Mari bercermin dari film Mencari Hilal, film yang diarahkan oleh Ismail Basbeth ini memang berbungkus Islam tapi di dalamnya merupakan propaganda liberalisme (yang dipasang “topeng” Islam). Sebuah film seperti Mencari Hilal harus diakui merupakan konten propaganda ideologi yang baik, sebab mereka membuat gambaran yang mumpuni dan dapat dipercaya walau sebetulnya argumen-argumen dan narasinya layak didebat dan memenangkan satu sisi pemikiran saja (memang seperti itu sifat propaganda), ditambah dengan penggarapan estetik dan teknis yang tepat, sehingga propaganda dari mereka akan masuk ke otak penontonnya jika penonton menonton dengan kondisi bagai lembar kosong.

Lalu, seperti apa harusnya sinema Islam dipandang?

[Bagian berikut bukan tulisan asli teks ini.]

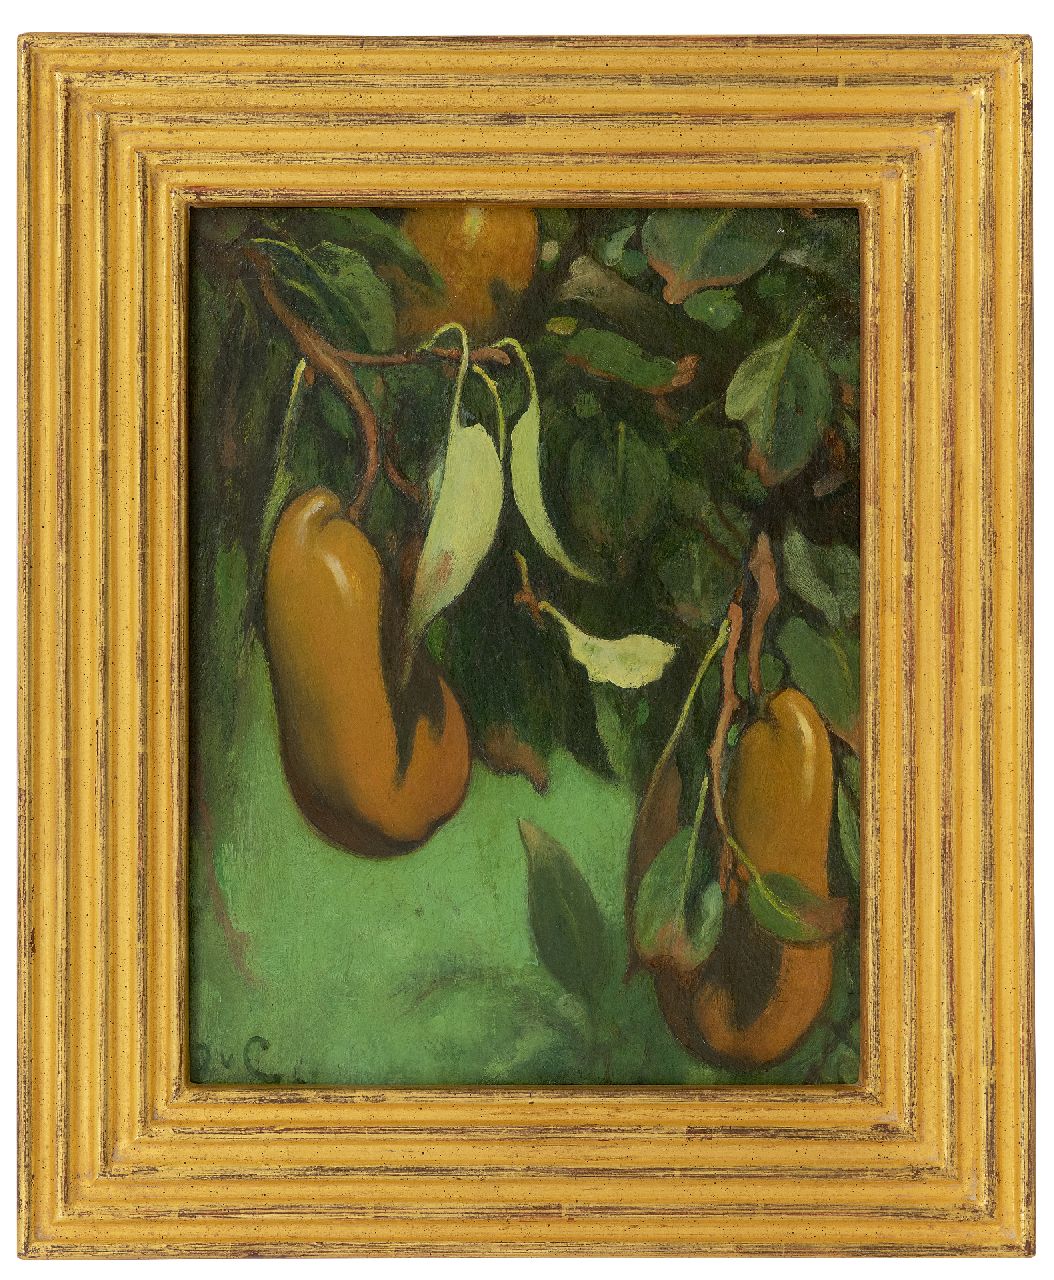 Looy J. van | Jacobus van Looy | Paintings offered for sale | Gourd pears, oil on panel 35.0 x 26.7 cm, signed l.l. with initials

Dalam sejarahnya, sinema dunia di bentuk bedasarkan negara-negara yang menjadi founding father sinema itu sendiri, tiap negara-negara yang itu mempunyai citra sendiri terhadap sinemanya seperti Amerika, Prancis, Rusia, Jerman, dan Italia memiliki kekhasan, pembeda ciri sinema tiap-tiap negara itu ada di form dan style-nya. Tentu unuk membetuk sinema Islam yang kita perlukan adalah merumuskan seperti apa form dan style sinema Islam itu sendiri, sehingga akan tercipta ciri yang akan dirasakan oleh tiap penonton bagi semua film Islam.

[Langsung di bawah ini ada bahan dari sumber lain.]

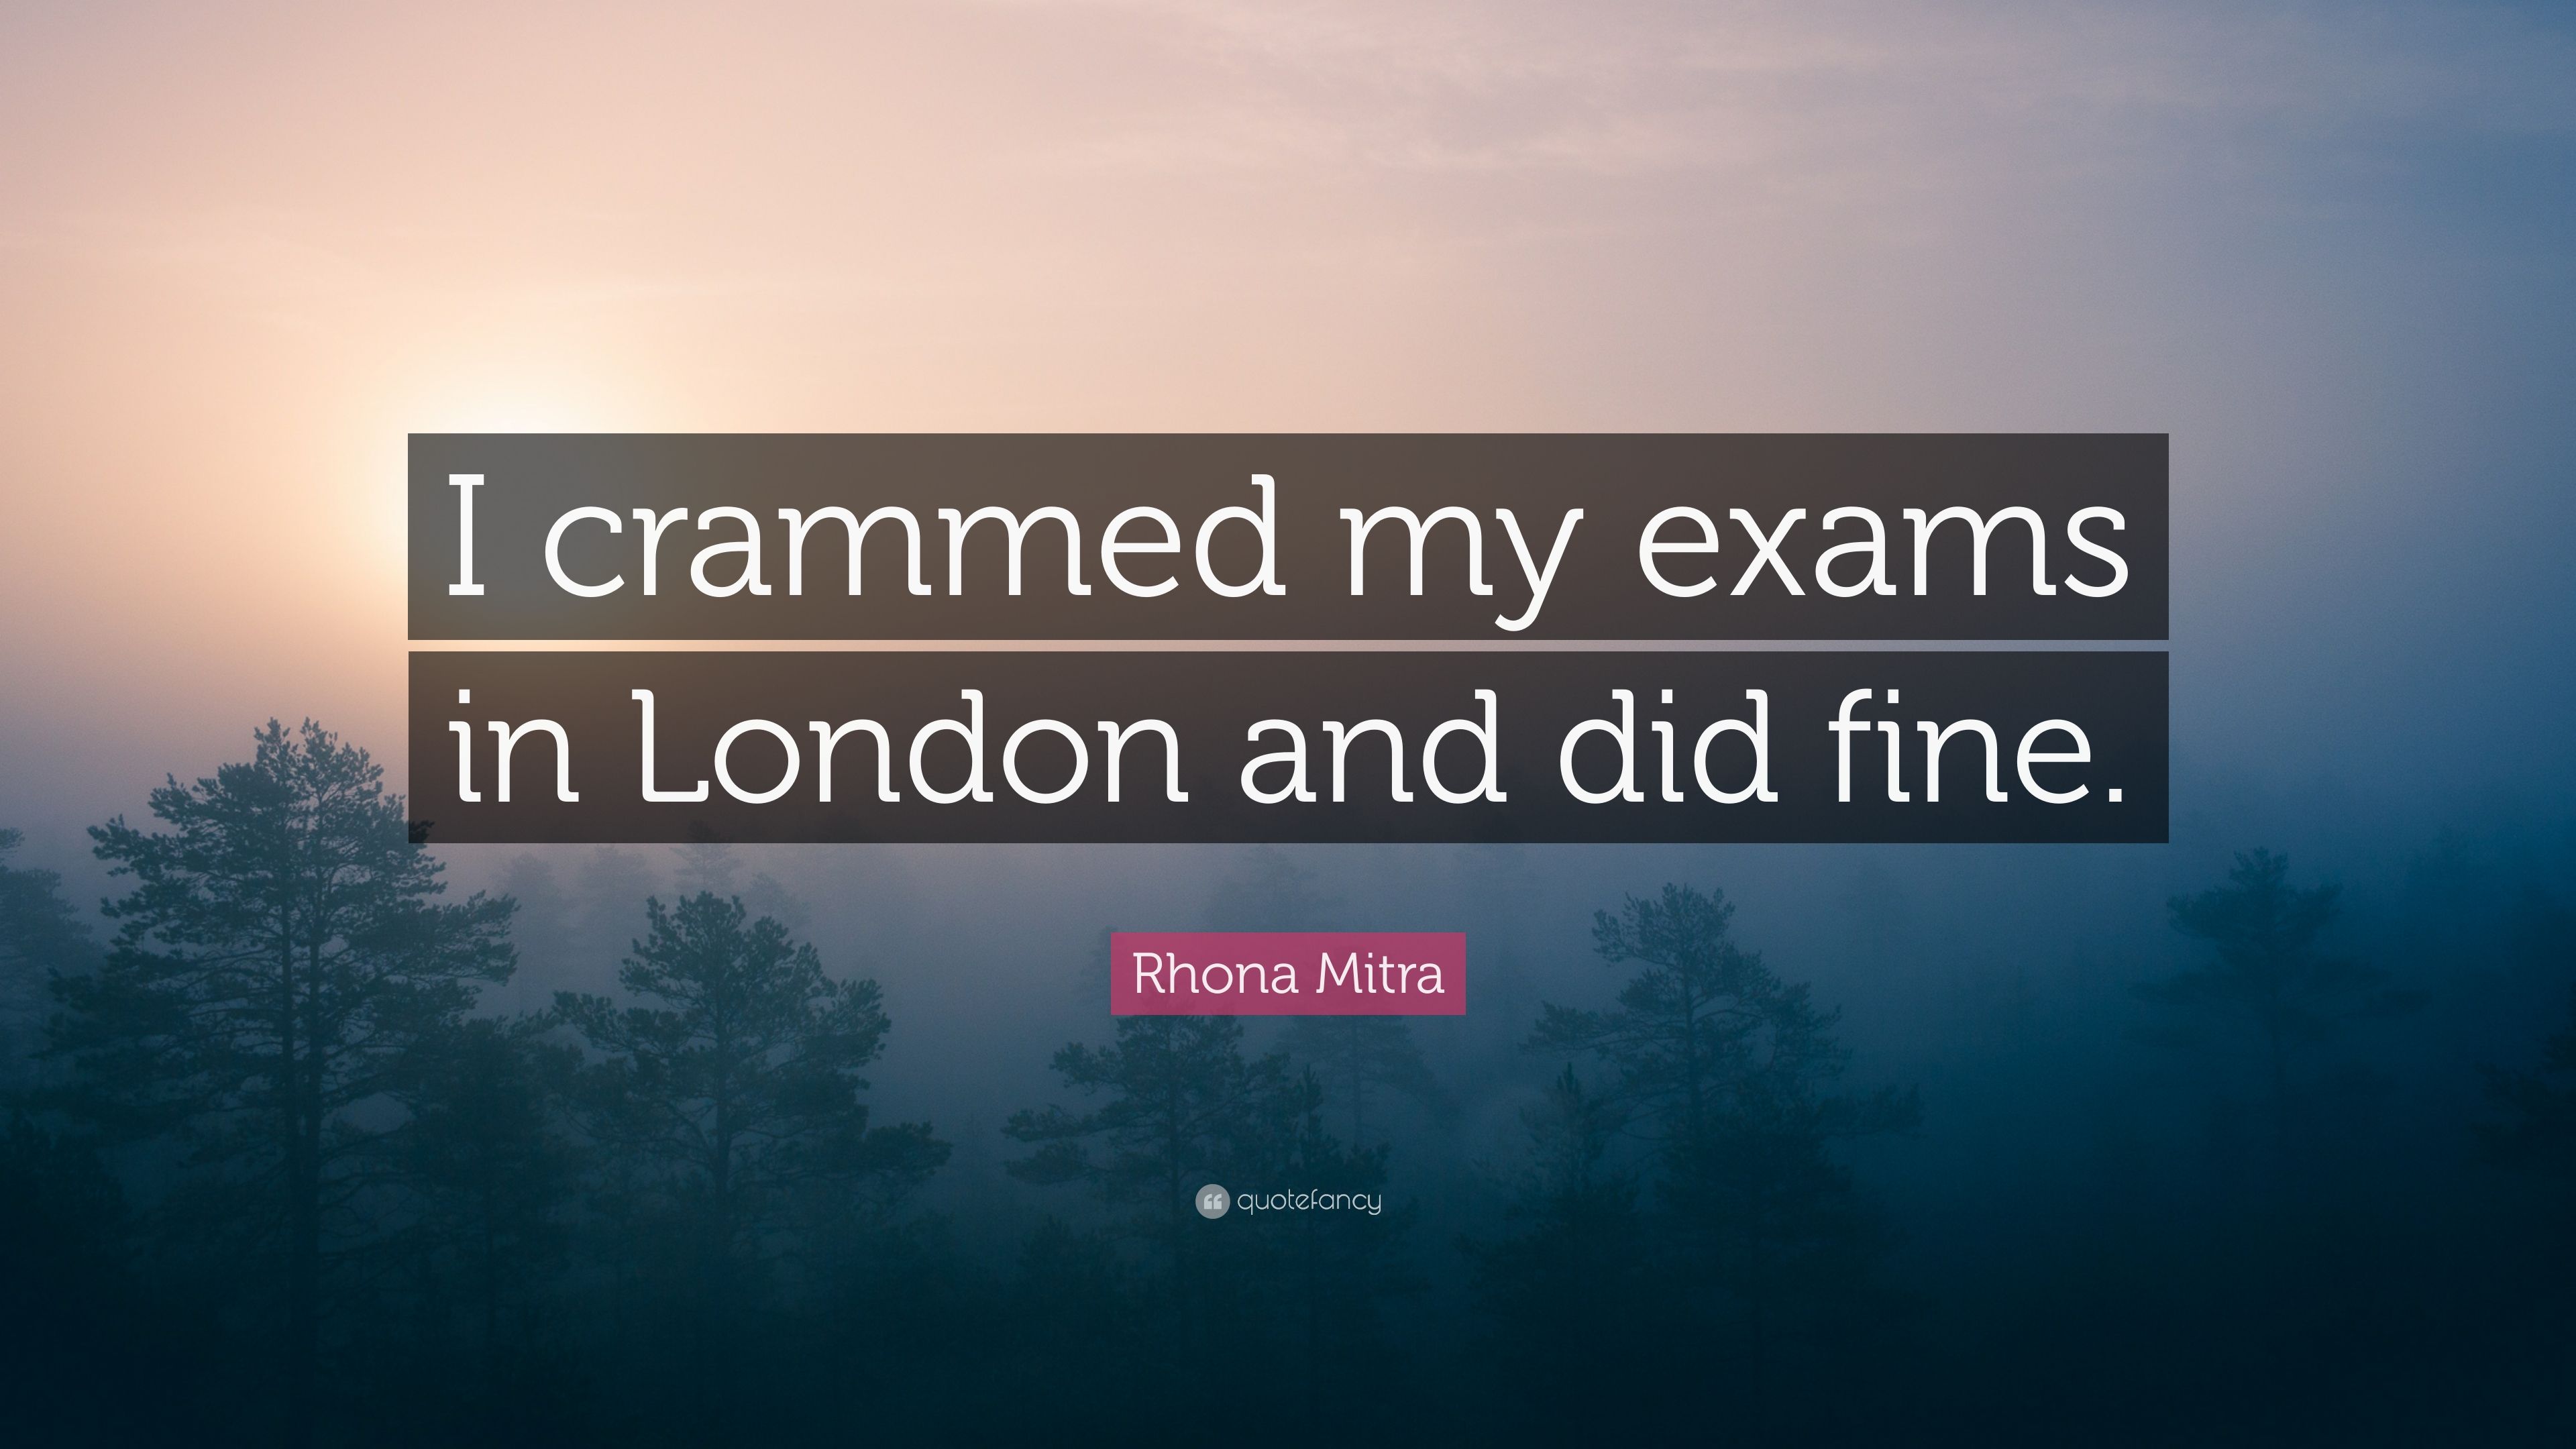 Rhona Mitra Quote: “I crammed my exams in London and did fine.” (7 wallpaper)

Lalu apa dasar dalam perumusan form dan style tersebut? Tentu yang menjadi dasarnya adalah pandangan-alam Islam (worldview of Islam), hal ini akan mempengaruhi segala lini pembuatan film, bukan hanya form dan style, bahkan akan mempengaruhi sistem produksi, misalnya dengan pandangan-alam Islam; aktor-aktris yang tidak diperbolehkan bersentuhan oleh hukum agama, maka tidak akan bersentuhan dan dengan mengandalkan nilai kreatifitas pembuat film tersebut tidak perlu takut kehilangan nilai realistis jika mereka hendak mengarahkan movement ke realisme.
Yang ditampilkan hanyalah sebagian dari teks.